The current names of the HLA class I and class II alleles are attached to the specific DNA sequence and locus for each allele and are definitive. However, many older publications have used the serologically derived names for alleles. It is therefore important to have some concept of how these naming conventions are related. The modern definitive (sequence-based) allele names are derived from the older serologic names because the serologic techniques frequently detected whole groups of related alleles. Two examples of this are shown in Table 21-2. The designation of HLA-B27 was developed for people carrying an HLA-B allele that was recognized by the B27-specific alloantisera.
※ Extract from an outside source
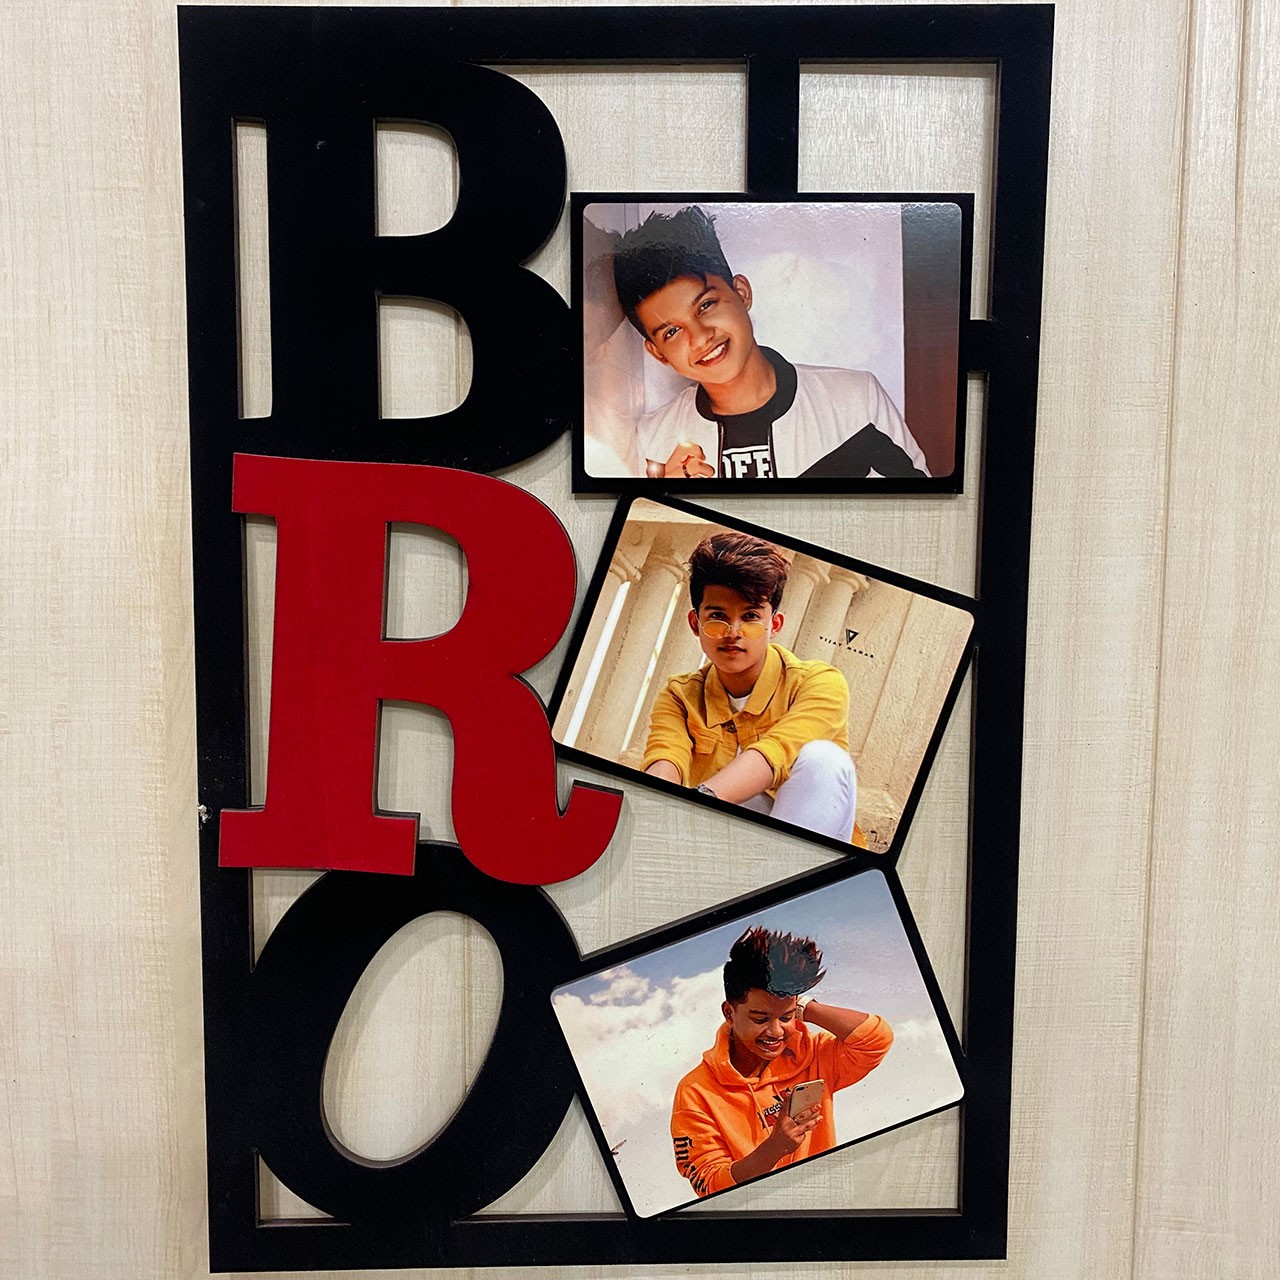 Personalized Bro Wooden Wall Frame

However, sequencing of the HLA-B alleles carried by these individuals revealed the existence of at least 17 different alleles, 5 of which are listed in Table 21-2. A similar situation exists for HLA class II allele families such as HLA-DR4, also shown in Table 21-2. In this case, the DR4 allospecificity was already known to detect a number of different alleles that could be further discriminated on the basis of MLC typing.²⁰ These have been defined and named by their sequence, as shown in Table 21-2. A full list of all HLA alleles at the major loci can be found at www.ebi.ac.uk/imgt/hla/.

Table 21-2 Comparison among Modern, Sequence-Based Nomenclature, and Older Naming Conventions for Class I and Class II Alleles Belonging to HLA-B27 and HLA-DR4 Serologic Groups*

Despite the precision of the molecular definition of HLA alleles, the old serologic names are often used in oral discussion because they are less cumbersome. For example, the DRB1*03011 allele is common in white populations (up to 10% in some populations) and is often referred to as simply DR3, after its original serologic designation. At least 16 distinct alleles are detected by such DR3 alloantisera, and therefore the term DR3 is imprecise. However, when used in the context of a discussion about white populations, DR3 is assumed to refer to the predominant DRB1*03011 allele.
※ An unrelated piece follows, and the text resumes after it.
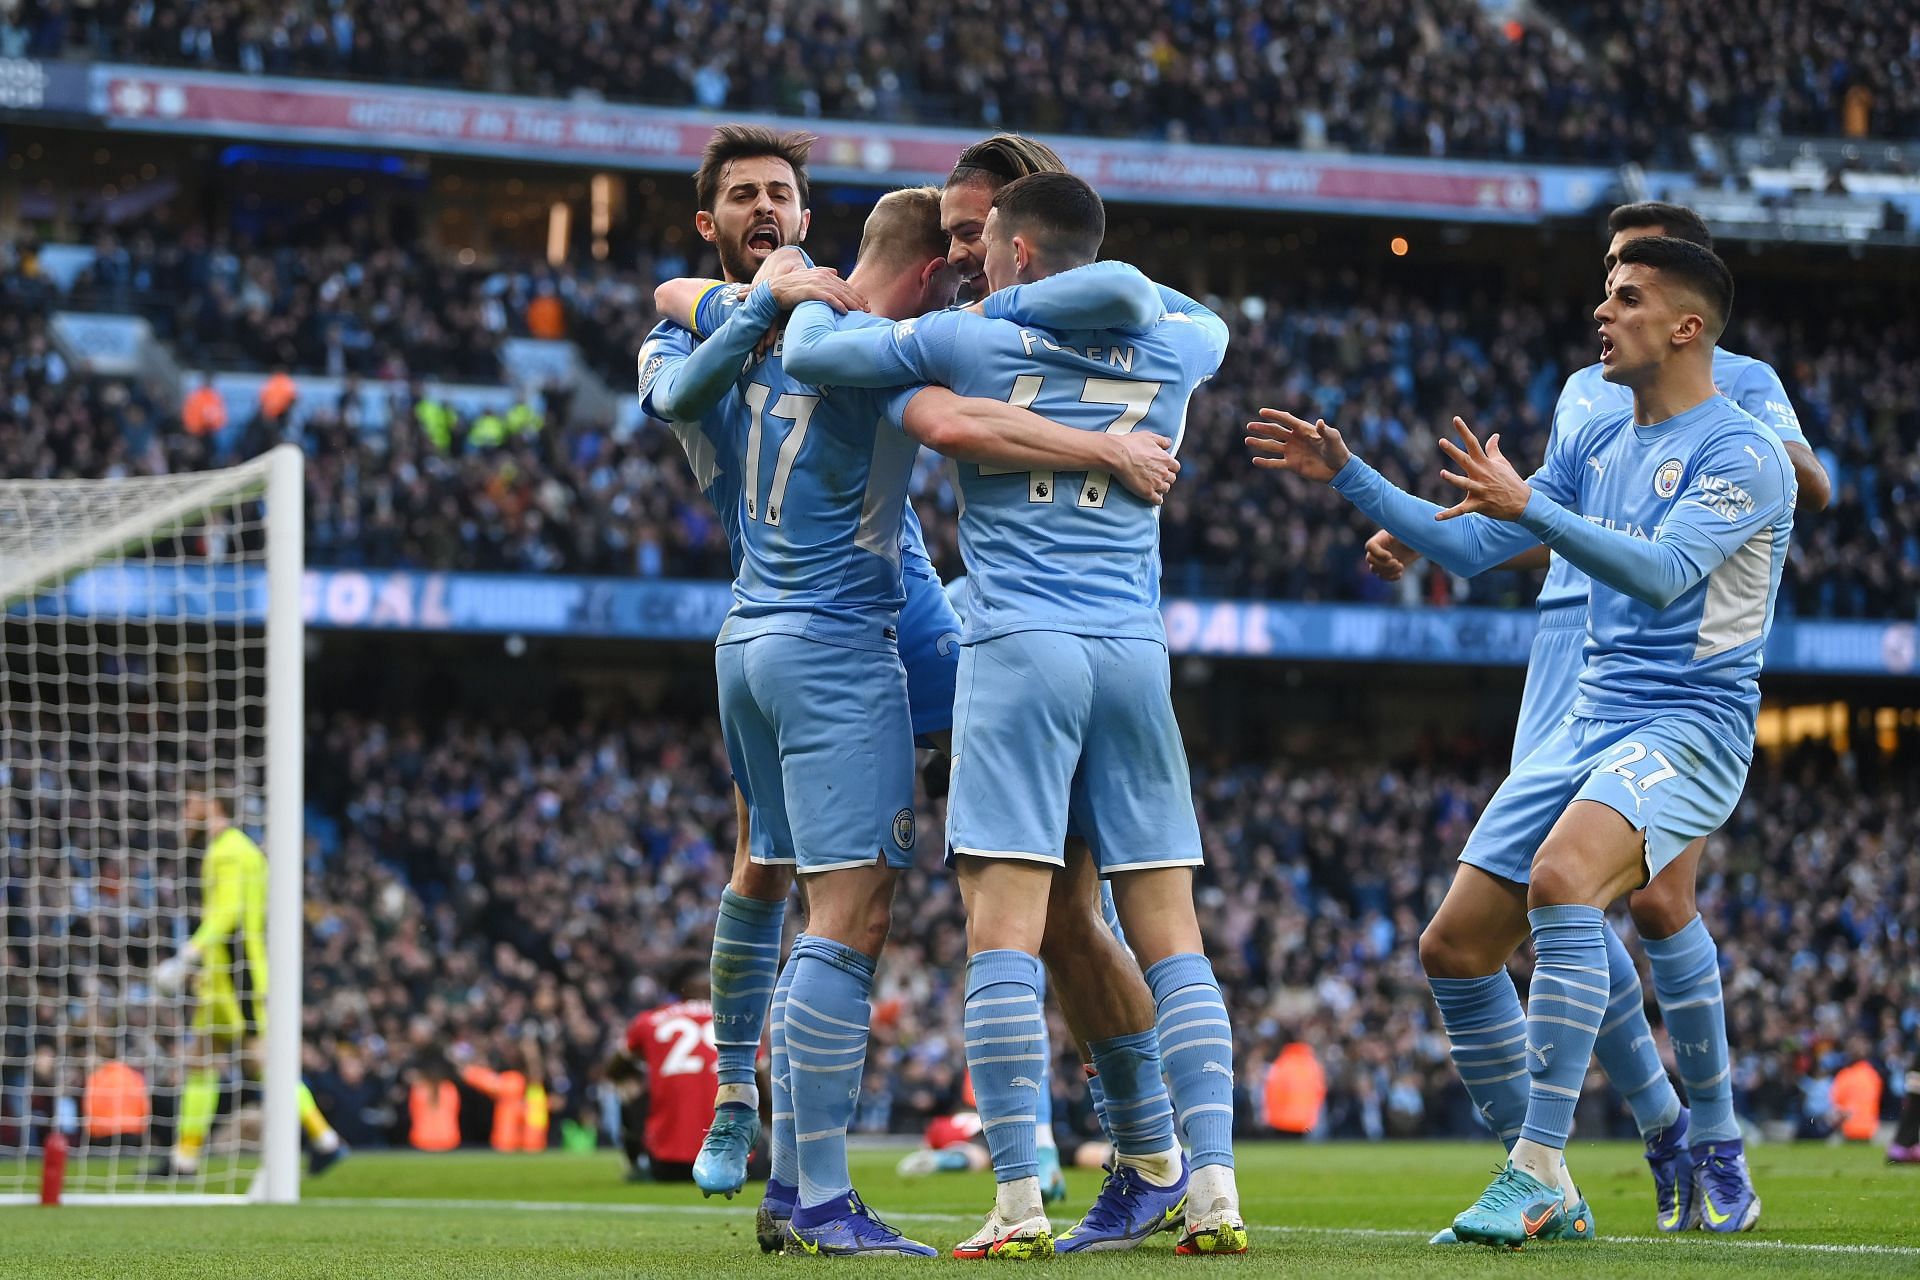 Manchester City know how to keep their performance going at the business end of the season

Human Leukocyte Antigen Associations with Rheumatic Diseases

Population-Association Studies and the Calculation of the Odds Ratio, an Estimate of Relative Risk

The ideal way to establish whether a genetic variant (allele) confers risk for a disease is by performing a prospective cohort study. In this kind of study, a group of individuals carrying (exposed to) the allele is compared with a matched control group that does not carry the allele. These two groups are followed over time (preferably over a lifetime) to see if disease develops more frequently in the exposed group. The results can be displayed in a contingency table (Table 21-3). By examining the upper half of Table 21-3, it is apparent that the fraction of exposed individuals who get the disease is a/(a + b), whereas the fraction of unexposed individuals who develop the disease is c/(c + d). The ratio of these two fractions is known as the relative risk (RR) = a/(a + b) ÷ c/(c + d) = (ac + ad)/(ac + bc). If the disease is rare in the population, ac is small and the RR is approximated by (a × d)/(b × c), also referred to as the cross-product.

Table 21-3 Contingency Table for Cohort and Case-Control Studies *

Cohort Study
	Disease	No Disease
Exposed	a	b
Not Exposed	c	d
Case-Control Study
	Exposed	Not Exposed
Disease	a	b
No Disease	c	d

^* a, b, c, d, number of individuals observed in each category.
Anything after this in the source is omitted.